It’s a brilliant title that haunts—ironically, via its corporeality—poems that are otherwise far more ethereal or conceptual, comprised of myths, histories, phonetic analyses, readings, and other noumena that are more of the mind than out-of-doors. Kazim Ali, in his introduction, calls this work “ravishing in its sonic pleasure,” and that is absolutely true, but I would take it even further. These poems are utterly obsessed with sonics, from the “stowaway vowel between one aspirate, one liquid” of his name (“Som”); to the “leg-kick song” or “abrading wing-teeth” of insects; to the “stammer” of a smith’s hammer that “shakes him to his teeth”; to a silent remnant of birdsong, exquisite in its delicacy: a “locket syrinx held in the palm.” Writing figures just as prominently as well, whether a ship bow “that dips & rises / like a pen signing the horizon”; the detained poet who, writing his poem against a wall on Angel Island, “hews & whittles / closer / to the sound coming through”; the spackling wasp who “utters what it gnaws; walls what it says” with its “mouth-print”; or the countless references to brushes and calligraphic techniques.
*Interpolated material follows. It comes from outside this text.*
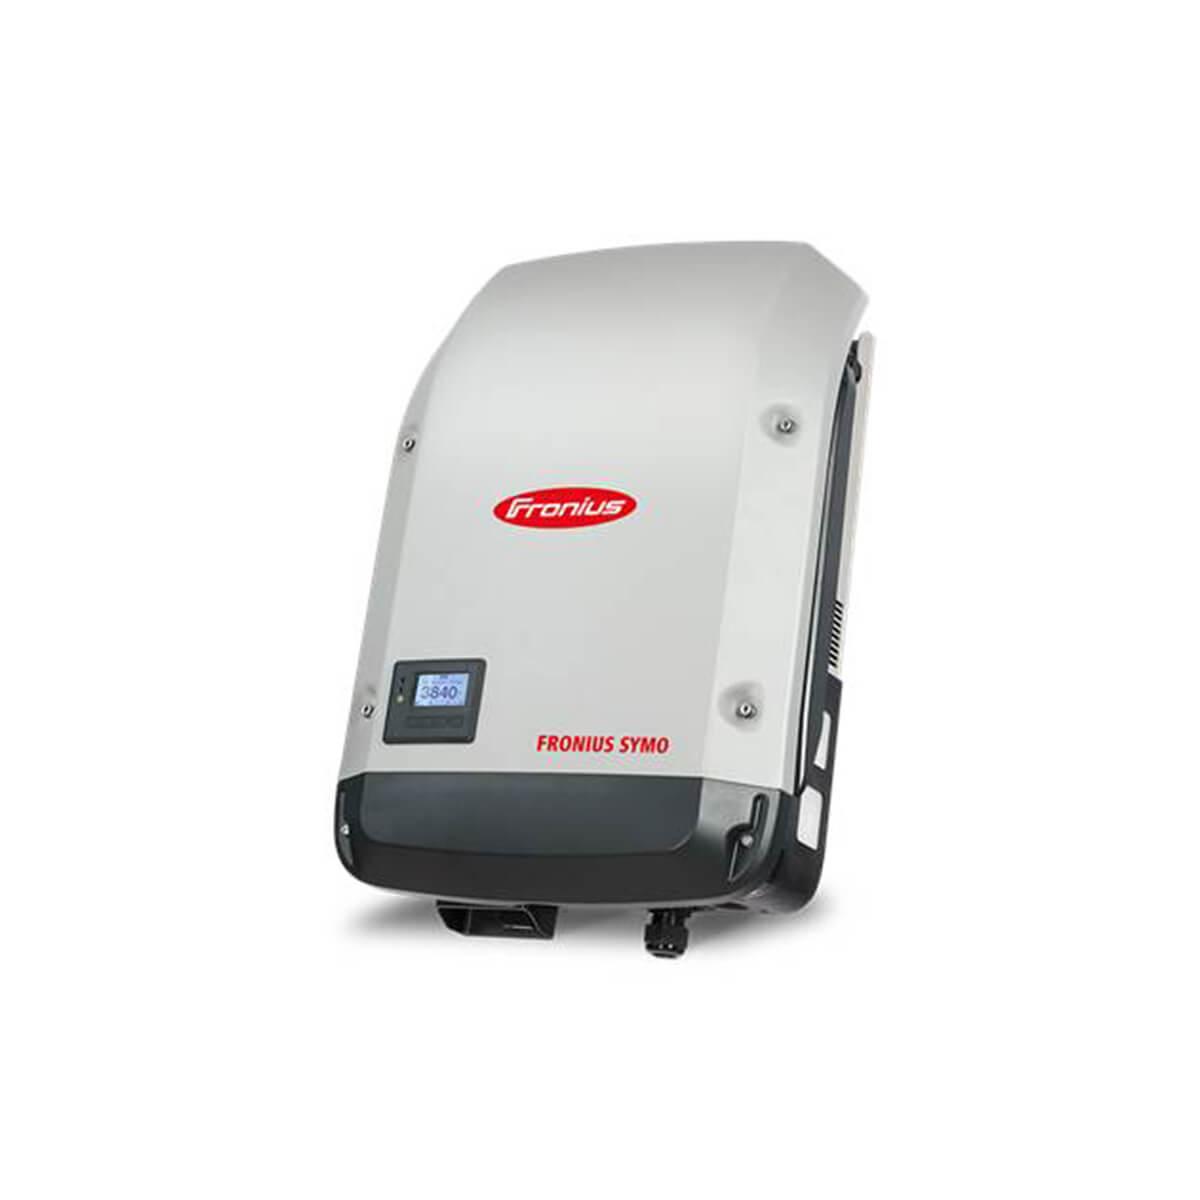 fronius 17.5kW inverter, fronius symo 17.5kW inverter, fronius symo 17.5-3-m inverter, fronius symo 17.5-3-m, fronius symo 17.5 kW, FRONIUS 17.5 KW

Speech and writing are held in a remarkably sustained concentration that lightens and darkens across the collection’s five section breaks, elegantly marked with simple black pages titling the same scrawled, nest-like glyph. Most of the sections are anchored by a long poem, often in a cycle format, with abutting short one-off poems. The poise and pacing of this layout is relaxed, mirroring the poems themselves, in which the lines tend to arrive with a clearing of breath that brings its sonics, its assembly of image, and its conceptual sophistication into satisfying relief. The opening cycle “Coaching Papers” quickly establishes the territory: these are poems about trans-Pacific migration and the memory of origins—in this case Asian folklore, cultural traditions, food, and artworks—within new world settings: polyglot environments (not only English, but Spanish, Latin, and Italian), Western education, and urban life.
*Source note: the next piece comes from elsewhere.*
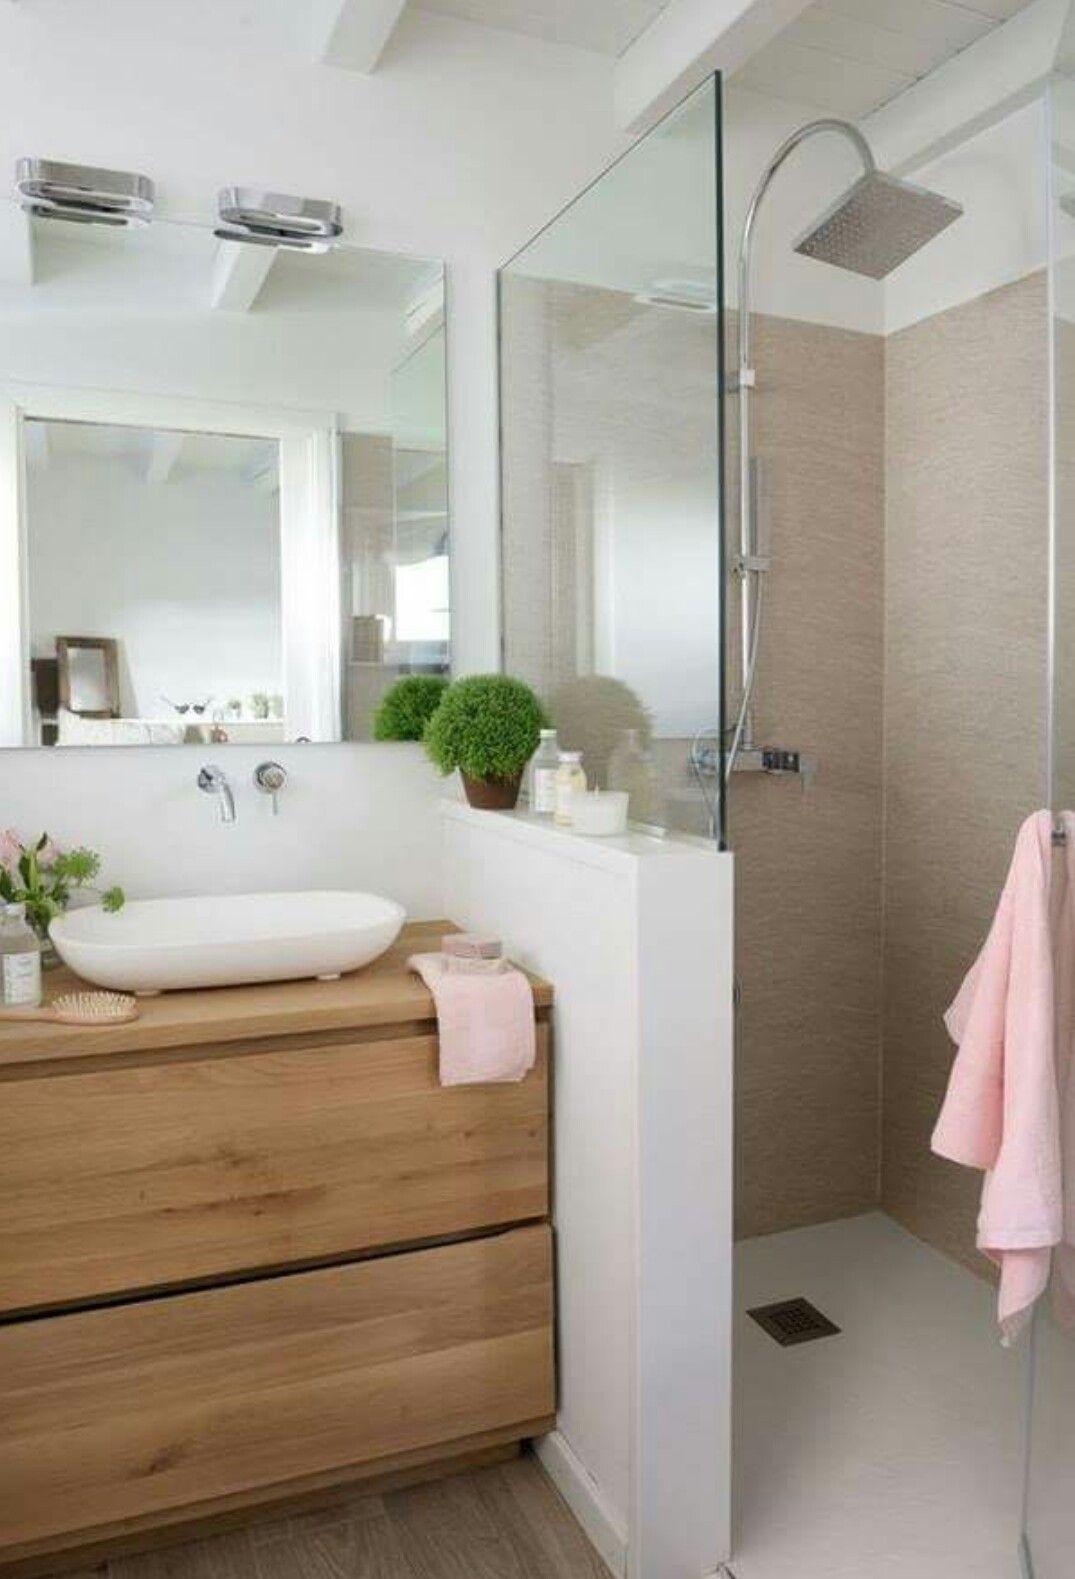 en suite idea for loft room azienka pinterest badezimmer bad und baden. Black Bedroom Furniture Sets. Home Design Ideas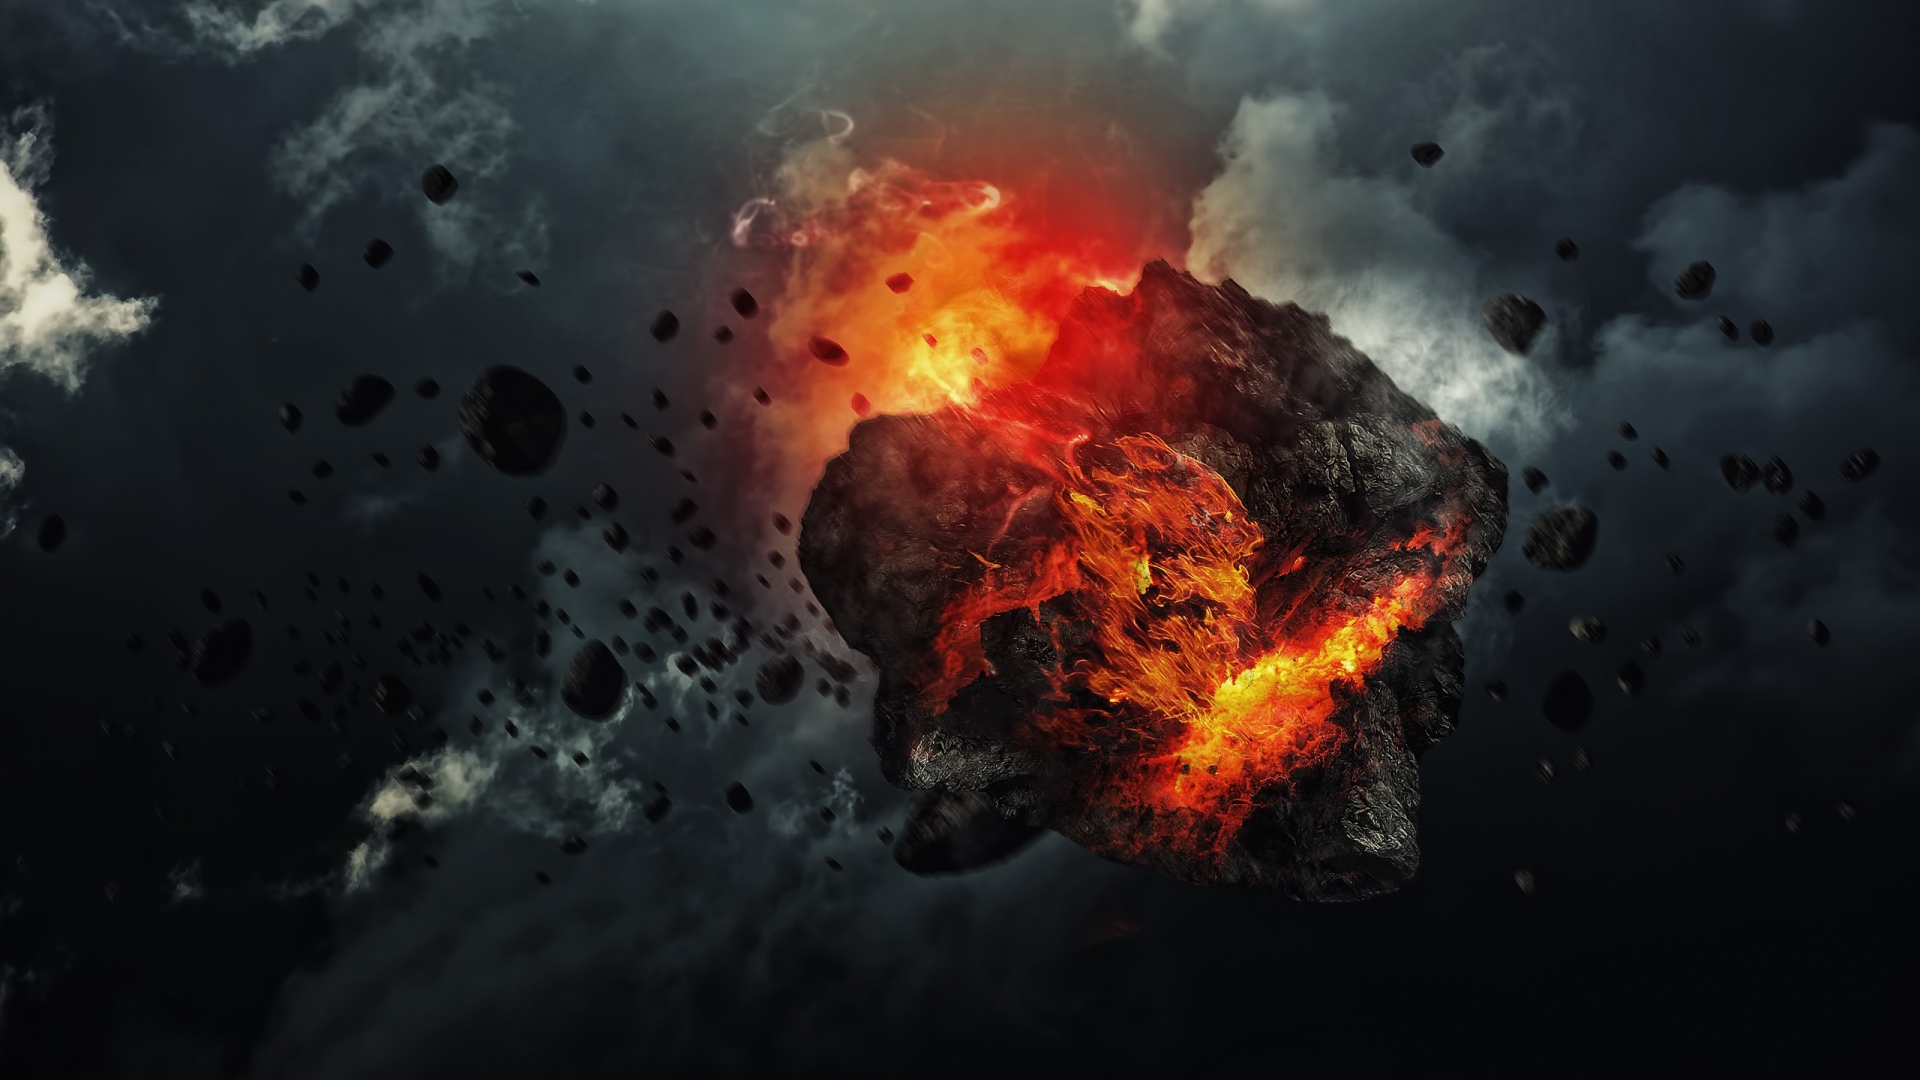 Explosion in dark sky HD Wallpaper 10944 1920x1080

There is an overwhelming feeling of transition, a remaking of self, that is mirrored in the gap between speech and writing. Right away in “Coaching Papers” we get this:
A paper-name ensures a debt
of sound. A paper wake, a ream

ripsawed by utter-breath, feathers
—tract to vane—my throat.
Or later in the same poem, we get the name that “goes searching for breath / aligning the sextant of its shape / with the plane of the written page.” There is the distinct sense of the primacy of speech, and a speaker who seems always searching for it, as an authentic mode. This feels tied to the emphasis on origins, but it also makes a great deal of sense as a motivation for the poems’ sonics. We can hear Som’s ear in the angular cutting of phrase in the lines above, but we also hear it in his delightful play with assonance and alliteration, as in the “Oulipo” cycle, a series of homophonic translations of Li Po’s “Night Thoughts.” One of my favorite of those quatrains:
Trundled nights of a nun
Fissures between rival tongs
You sell wontons here
Detuned doo-wop songs
Som’s style changes from time to time. At times he is more acute, dropping articles and subbing in ampersands to heighten his rhythmic effects, and at others he relaxes into more prosaic modes, as in moments during the effectively straightforward poem “The Nest Collectors:”
[ . . . ] Once
at a wedding’s banquet, my father, so often frugal,
spoke on the extravagance of the first course,
of the trellises, in sea caves in China, centuries-old
and twine-tethered by nest collectors.
The sonic impulse is there, and at moments like these we can see Som thinking through his own habits, making decisions about when to break from song. Even here, just preceding these lines, we get a contrasting, more highly tuned poetic rhythm, a bravado of iambs: “the murmur / of watt and want the nestlings fledged above.”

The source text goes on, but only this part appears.